Economic Well-Being - Total Points: 60
- Child Poverty Rate: Triple Weight (~8.37 Points)
- Adult Poverty Rate: Triple Weight (~8.37 Points)
- Unemployment Rate: Full Weight (~2.79 Points)
- Underemployment Rate: Full Weight (~2.79 Points)
- Homelessness Rate: Triple Weight (~8.37 Points)
Note: This metric measures the number of homeless persons per 1,000 residents.
- Presence of Homeless Criminalization Laws: Full Weight (~2.79 Points)
Note: This is a binary metric that considers the presence or absence of such legislation.
- Change in Family Homelessness (2017 vs 2016): Full Weight (~2.79 Points)
- Well-Being Index: Full Weight (~2.79 Points)
Note: This metric refers to the Gallup-Sharecare Well-Being Index.
- Consumer Bankruptcy Rate: Half* Weight (~2.79 Points)

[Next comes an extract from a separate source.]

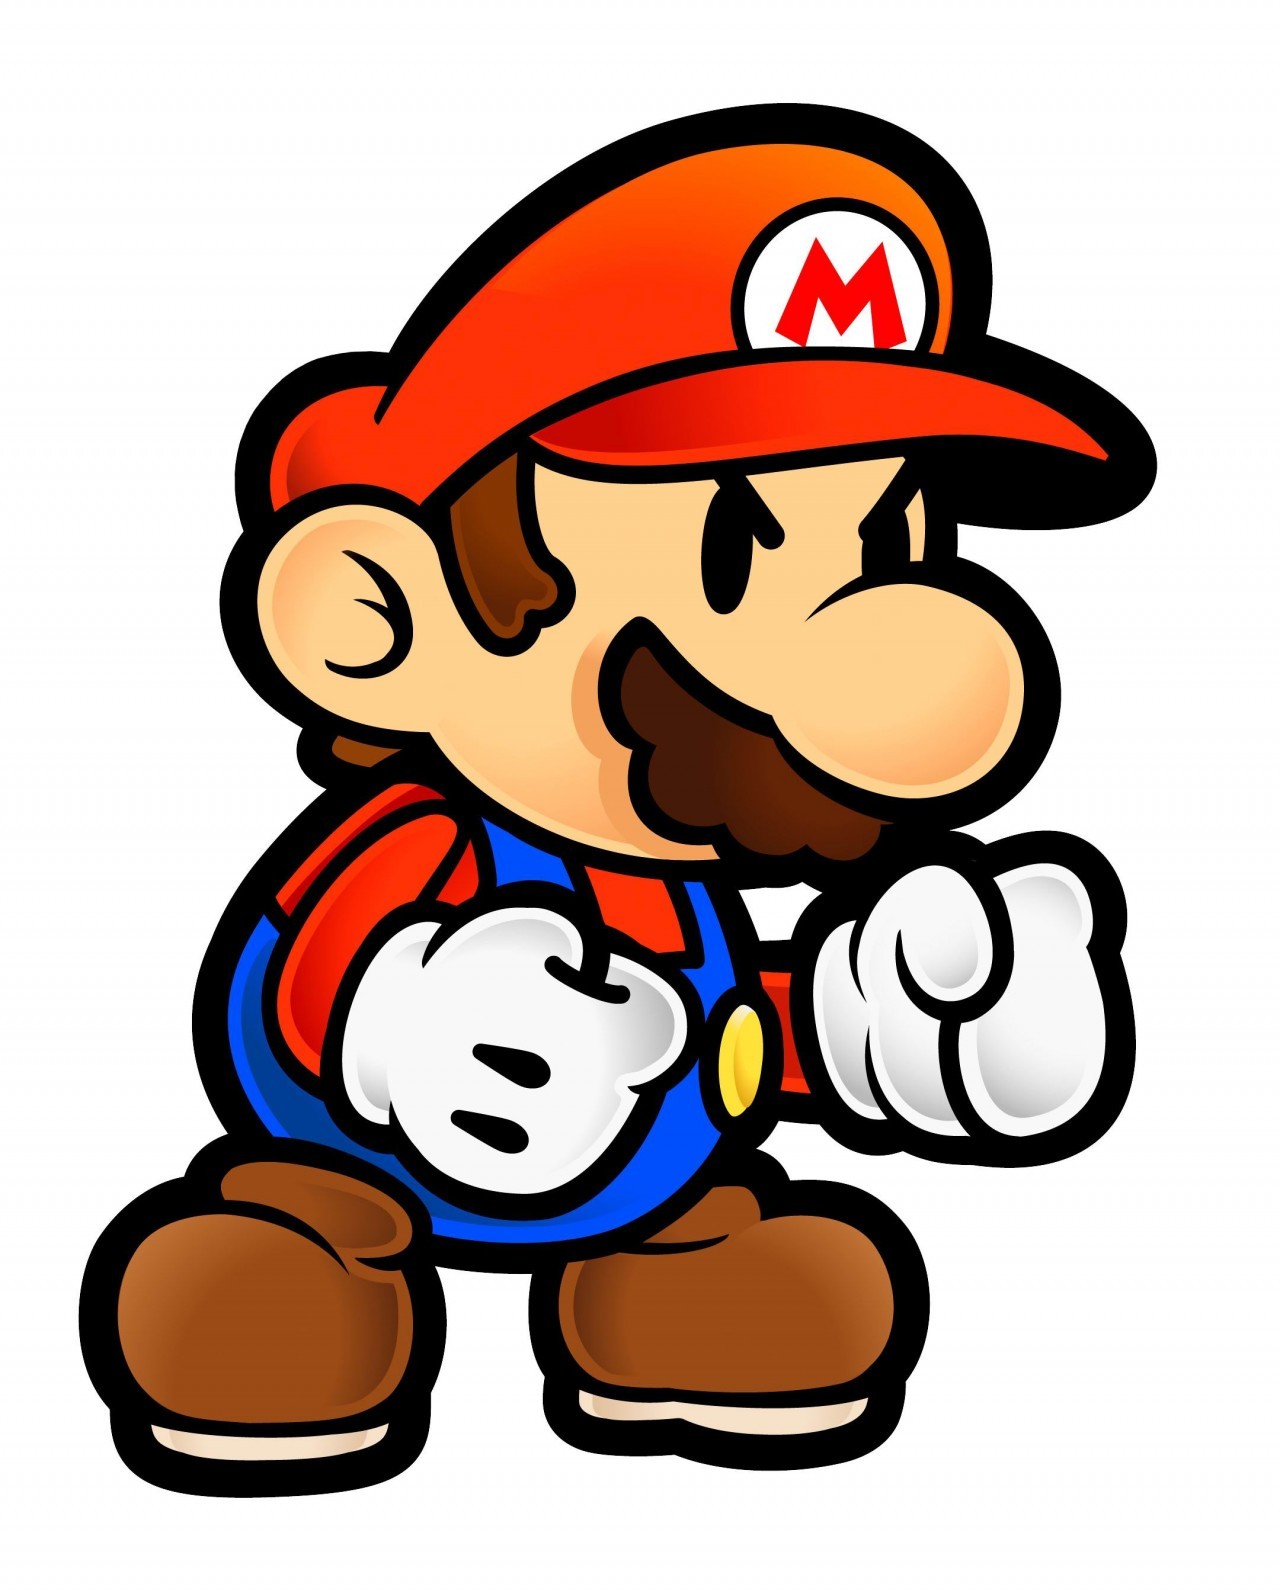 ranking-the-paper-mario-games-ign-boards

Note: This metric measures the number of nonbusiness bankruptcy filings per capita.
- Foreclosure Rate: Full Weight (~2.79 Points)
- Share of Delinquent Debtors: Full Weight (~2.79 Points)
- Median Credit Score: Full Weight (~2.79 Points)
- High School Dropout Rate: Full Weight (~2.79 Points)
- Undereducated Rate: Full Weight (~2.79 Points)
Note: This measures the percentage of residents who did not graduate from high school.
- “Economic Security” Ranking: Half* Weight (~1.40 Points)
Note: This metric measures the state’s policy potential to improve the economic security of workers, families and retirees and is based on the Economic Security Scorecard produced by the WOW (Wider Opportunities for Women) nonprofit organization.
- Economic Mobility: Full Weight (~2.79 Points)
Health & Safety - Total Points: 40
- Uninsured Rate: Full Weight (~4.00 Points)
Note: This metric measures the percentage of residents without health insurance coverage.
- Food Insecurity Rate: Double Weight (~8.00 Points)
- Share of Homes with Inadequate Plumbing: Full Weight (~4.00 Points)
Note: This metric measures the percentage of occupied housing units without complete plumbing facilities.
- Share of Homes with Inadequate Kitchens: Full Weight (~4.00 Points)
Note: This metric measures the percentage of occupied housing units without complete kitchen facilities.
- Share of Severely Overcrowded Homes: Full Weight (~4.00 Points)
Note: This metric measures the percentage of occupied housing units that are considered “severely overcrowded,” meaning more than 1.5 persons occupy each room.
- Share of Offline Homes: Full Weight (~4.00 Points)
Note: This metric measures the percentage of households lacking a computer and broadband Internet service.
- Share of Depressed Adults: Full Weight (~4.00 Points)
Note: This metric measures the percentage of adults who were diagnosed with depression.
- Suicide Rate: Full Weight (~4.00 Points)
- Crime Rate: Full Weight (~4.00 Points)
Sources: Data used to create this ranking were collected from the U.S. Census Bureau, Bureau of Labor Statistics, Federal Bureau of Investigation, Centers for Disease Control and Prevention, U.S. Department of Housing & Urban Development, Chmura Economics & Analytics, County Health Rankings, National Law Center on Homelessness & Poverty, National Alliance to End Homelessness, Administrative Office of the U.S. Courts, Equality of Opportunity Project, Feeding America, Wider Opportunities for Women, ATTOM Data Solutions (RealtyTrac), Gallup-Healthways and TransUnion.